Structured Streaming with Kafka seems to be losing config options

I'm trying to connect spark 2.2 structured streaming to a kafka broker that
has sasl enabled.  My spark script:


/////
import org.apache.spark.sql.functions._
import org.apache.spark.sql.SparkSession

val spark =
SparkSession.builder.appName("StreamingRetailTransactions").config("master",
"local").getOrCreate()

import spark.implicits._

val df = spark.readStream.
                format("kafka").
                option("kafka.bootstrap.servers", "localhost:9093").
                option("subscribe", "transactions_load").
                option("security.protocol", "SASL_PLAINTEXT").
                option("sasl.mechanism", "PLAIN").
                option("auto.offset.reset","earliest").
                option("group.id", System.currentTimeMillis).
                load()

val query = df.writeStream.format("console").start()
/////

If I step through the spark code with a debugger, I can see the options are
set against the DataStreamReader:

[image: Inline images 1]

However, at the point where the KafkaConsumer is created in the
SubscribeStrategy, the parameters are lost:

[image: Inline images 2]

Because these parameters are lost, spark is unable to connect to kafka (I
also see a bunch of sasl issues in the kafka log files).

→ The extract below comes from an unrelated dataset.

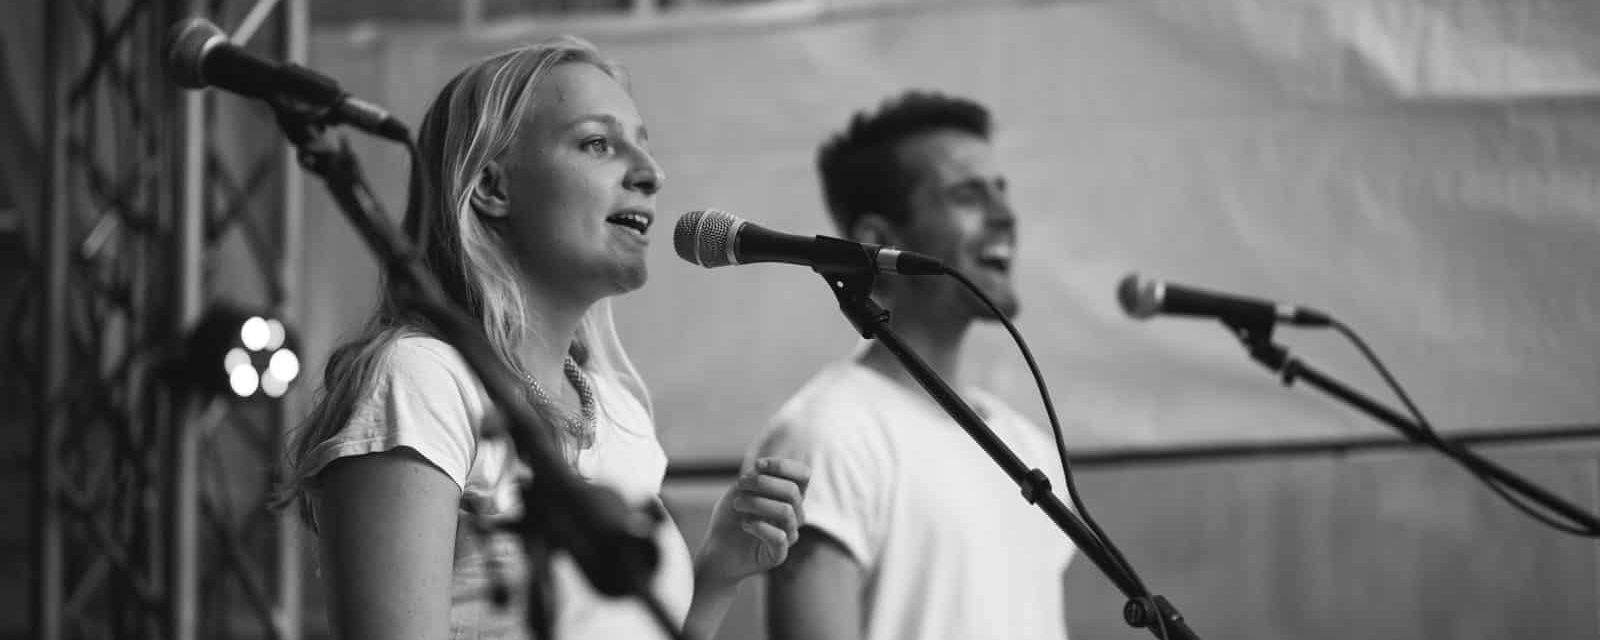 Thirdline auf dem Turnier der Herzen 2017 – Sänger Niklas mit Shure SM58 und Sängerin Katharina mit Shure SM86

If I manually add the kafka parameters as per the code below, I am able to
connect over sasl:

/**
 * Subscribe to a fixed collection of topics.
 */
case class SubscribeStrategy(topics: Seq[String]) extends ConsumerStrategy {

  override def createConsumer(
      kafkaParams: ju.Map[String, Object]): Consumer[Array[Byte],
Array[Byte]] = {

    // Manually set lost sasl parameters

    kafkaParams.put("security.protocol", "SASL_PLAINTEXT")
    kafkaParams.put("sasl.mechanism", "PLAIN")

    val consumer = new KafkaConsumer[Array[Byte], Array[Byte]](kafkaParams)
    consumer.subscribe(topics.asJava)
    consumer
  }

  override def toString: String = s"Subscribe[${topics.mkString(", ")}]"
}


Does this look like it could be a bug with spark structured streaming?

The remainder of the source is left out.